Introduction

CMU 15-445/645 (FALL 2021), DATABASE SYSTEMS

course website

online videos

This is a course about designing and implementing database system rather than how to use a database system !

If you want to learn how to develop apps with database, go to other courses.

Project

You will build your own database system over the semester, c++17 is used.

DataBase

Definition

What is a Database ?

Organized collection of inter-related data that models some aspect of the real-world.

What is a Database Management System ?

A software which allow applications to store and analyze infomation in a database.

What is a Data Model ?

A collection of concepts for describing the data in database.

  • Relational
  • Key/Value
  • Graph
  • Matrix

Relational Model

Artist(name,year,country)

name year country
Wu-Tang Clan 1992 USA
Notorious BIG 1992 USA
Ice Cube 1989 USA

Relation

A relation is an unordered set that contain the relationship of attribute that represent the entities

  • name,year,country are attributes used to represent the entity artist

  • N-ary relaion is the same with A table with N columns

  • The whole table, including the attributes, is a relation

Tuple

A set of attribute values(aka domain) in the relation

  • (Wu-Tang Clan,1992,USA) is one tuple

  • NULL is a special value which is a member of every domain

Primary key

A relation’s primary key uniquely identifies a single tuple

  • name is the primary key of relation name, year,country
  • some popular DBS automatic create primary key if user do not define one, for example AUTO_INCREATMENT in MySQL
Foreign key

A foreign key specifies that an attribute from one relation has to map to a tuple in another relation

join table

artist_id and album_id is both foregin key and primary key

DML(Data Manipulate Language)

Methods to store and retrieve information from a database.

Procedural
  • The query specify the strategy DBSM should use to find the result

  • How to retrieve the data, Relational Algebra

Declarative
  • The query specify only what data is wanted and do not kown how to find it

  • What is the data, Relational Calculus

Relational Algebra

Foundamental operations to retrieve and manipulate tuples in a relation, based on the idea of set algebra

  • Each operation takes 1 or more relations as input and produce 1 new relation
  • We can chain operations to compose complex operation

operations

Operations

Predication

$$
\sigma \longrightarrow \text{WHERE}
$$

choose a subset of the tuples from a relation that satisfies a selection predicate.

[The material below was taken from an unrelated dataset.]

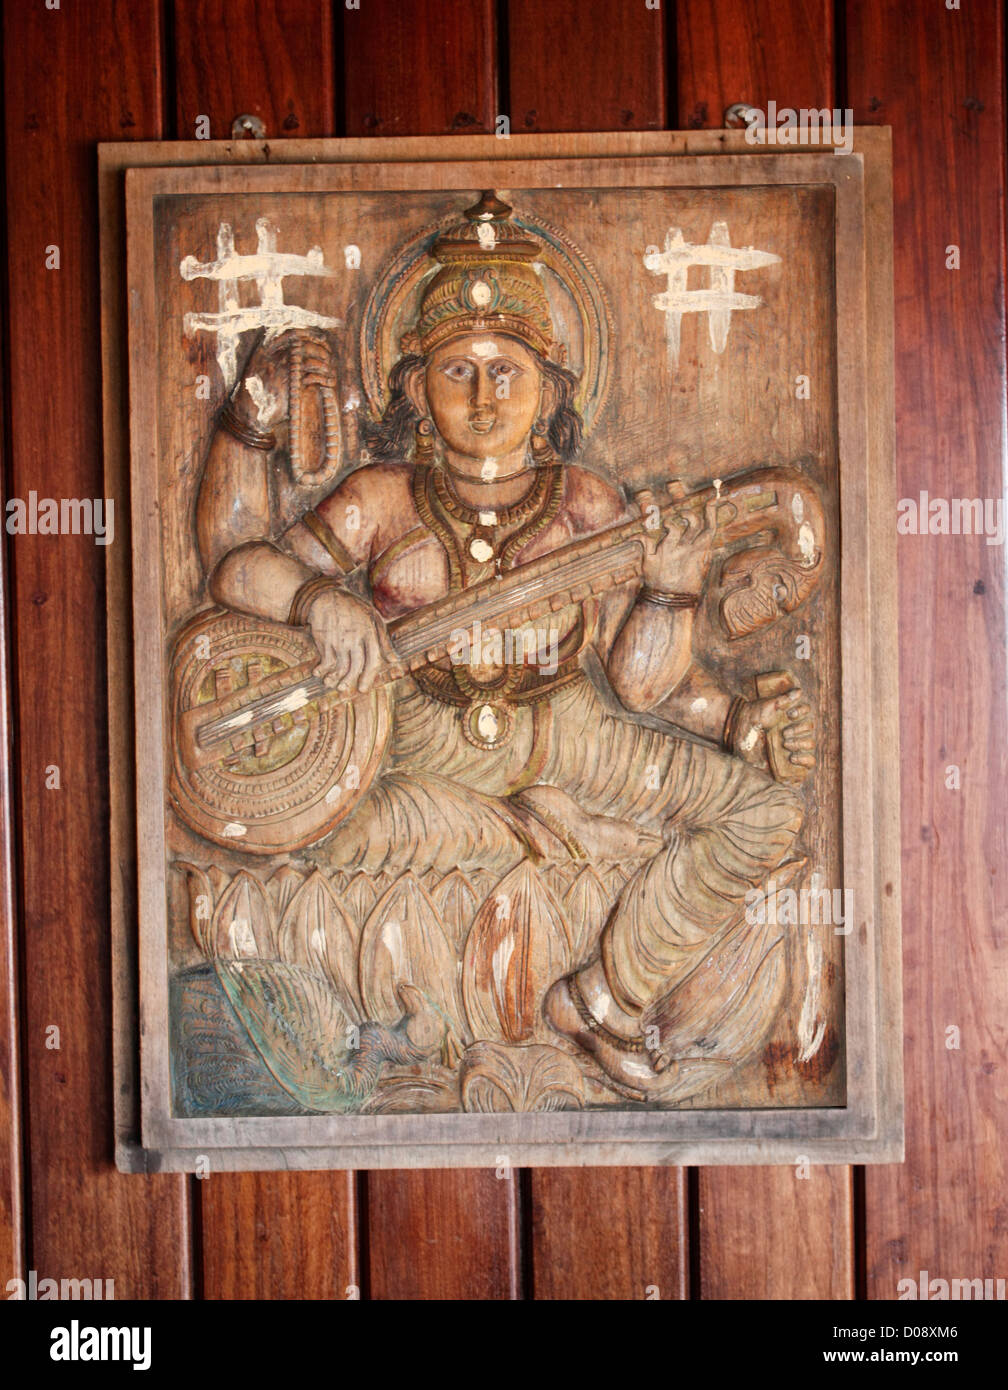 Design auf einer Holzwand - Devi Saraswathy mit Vina Stockfoto

  • Predication acts as a filter to retain only tuples that fulfills its qualifying requirement
  • Can combine multiple predicates using conjunction/disjunction

predicate

1
SELECT * FROM R WHERE a_id='a2';

Projection

$$
\pi \longrightarrow \text{SELECT}
$$

generate a relation with tuples that contains only the specified attributes

  • can rearrage the order of attributes
  • can manipulate the values

projections

1
SELECT b_id-100,a_id FROM R WHERE a_id ='a2';

Union

same with set union

union

Intersection

same with set intersection

intersection

Difference

same with set difference

difference

Product

generate a relation that contain all possible combinations of tuples from the input relations

product

Join

$$
\Join
$$

generate a realtion that contains all tuples that are a combination of two tuples(one from each input relation) with a common value for one or more attributes

join